Climatologists are leery of predicting exactly how a vast atmospheric event like La Nina will affect weather in the U.S. or any other part of the world during the coming months. "The United States is a small area, and a subtle change in one area may have a profound effect on what we experience here," explains Chet Ropelewski of the National Oceanographic and Atmospheric Administration. But many scientists are confident that this La Nina will have a broad effect on global temperatures, mainly by virtue of cooling an estimated 10% to 15% of the oceans -- "a big piece of the world," as Florida State's O'Brien puts it. By contrast, the massive energy released in the two El Ninos during the past decade may have pushed average global temperatures upward, possibly leaving a false impression of a global warming trend.
La Nina may for a time offset the greenhouse effect by aiding the absorption of carbon dioxide before it accumulates in the atmosphere. According to atmospheric chemist Charles Keeling of Scripps, a La Nina may slow the increase in atmospheric CO2 by stimulating massive plant growth in areas of heavy rainfall. Keeling believes this La Nia might reduce CO2 in the atmosphere by roughly 40% of the total produced annually by worldwide fossil- fuel burning.

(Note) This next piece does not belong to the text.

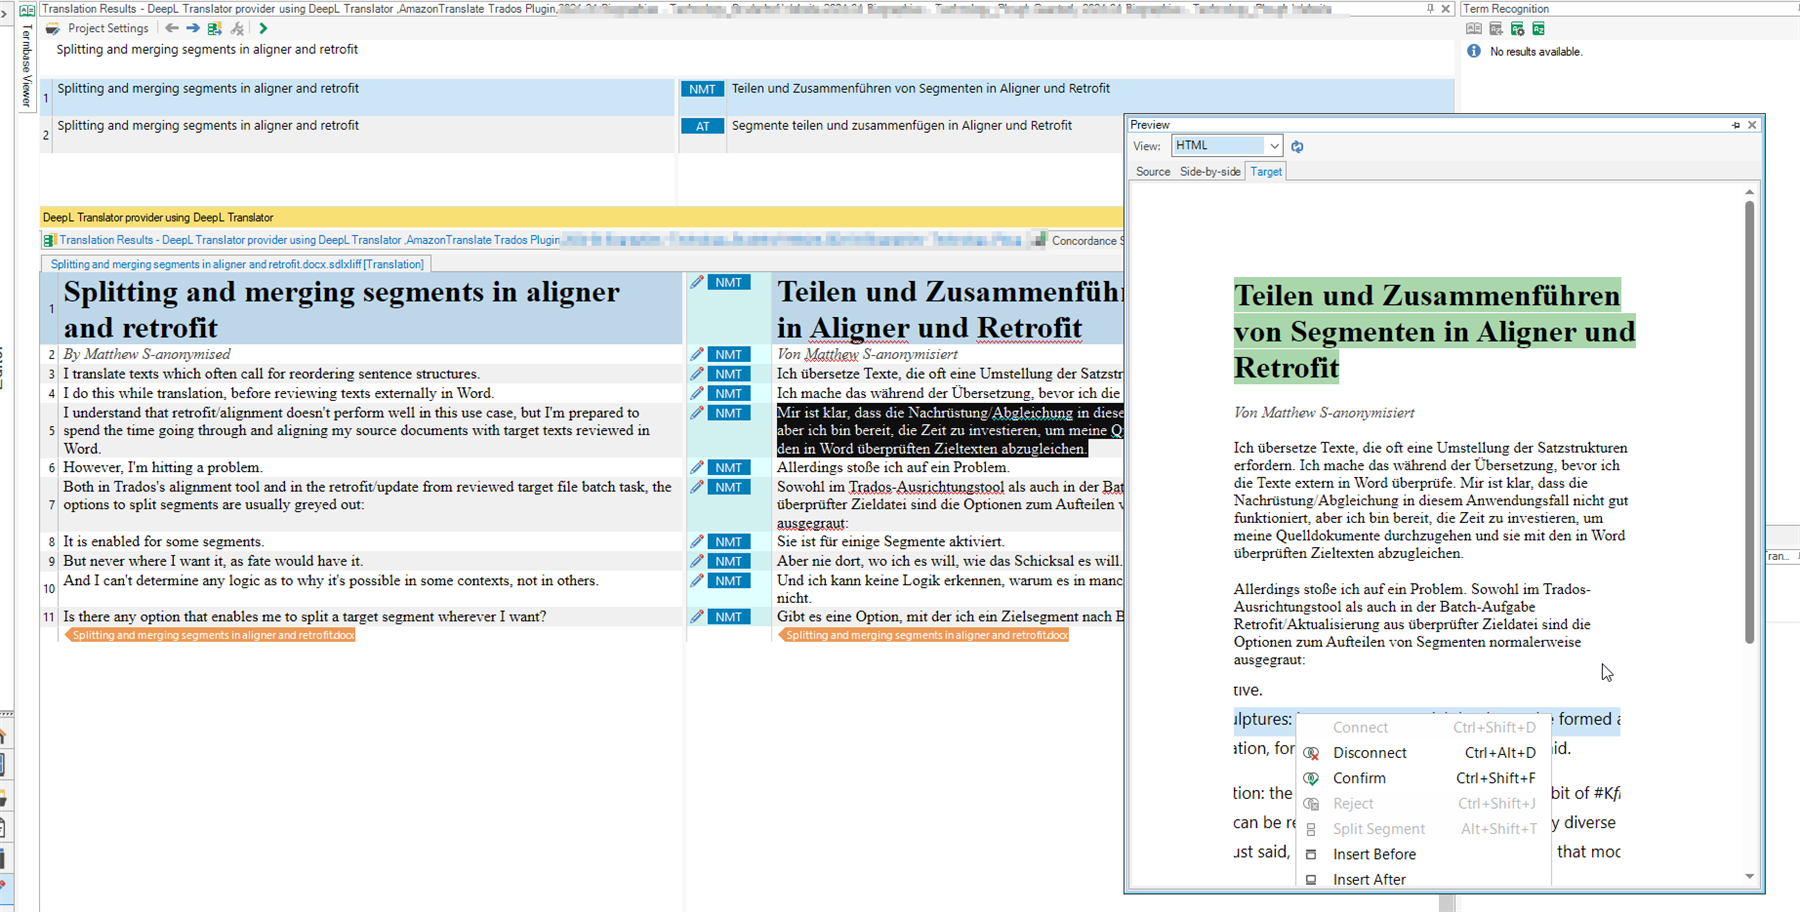 Screenshot of Trados Studio with a focus on the translation results pane, displaying a forum post about splitting and merging segments in aligner and retrofit, alongside a preview pane showing the same text in German.

As yet, climatologists do not understand the mechanism that links the cycle between El Nino and La Nina. When they do, it may actually be possible to predict rainfall in the American Midwest by measuring snowfall in the ! Himalayas. "There is a framework into which all these pieces fit," says Scripps' Barnett. "If we could see how all these pieces work together, we could really do some long-range forecasting." In the meantime, La Nina seems set to cast a corrective, if temporary, chill on global warming.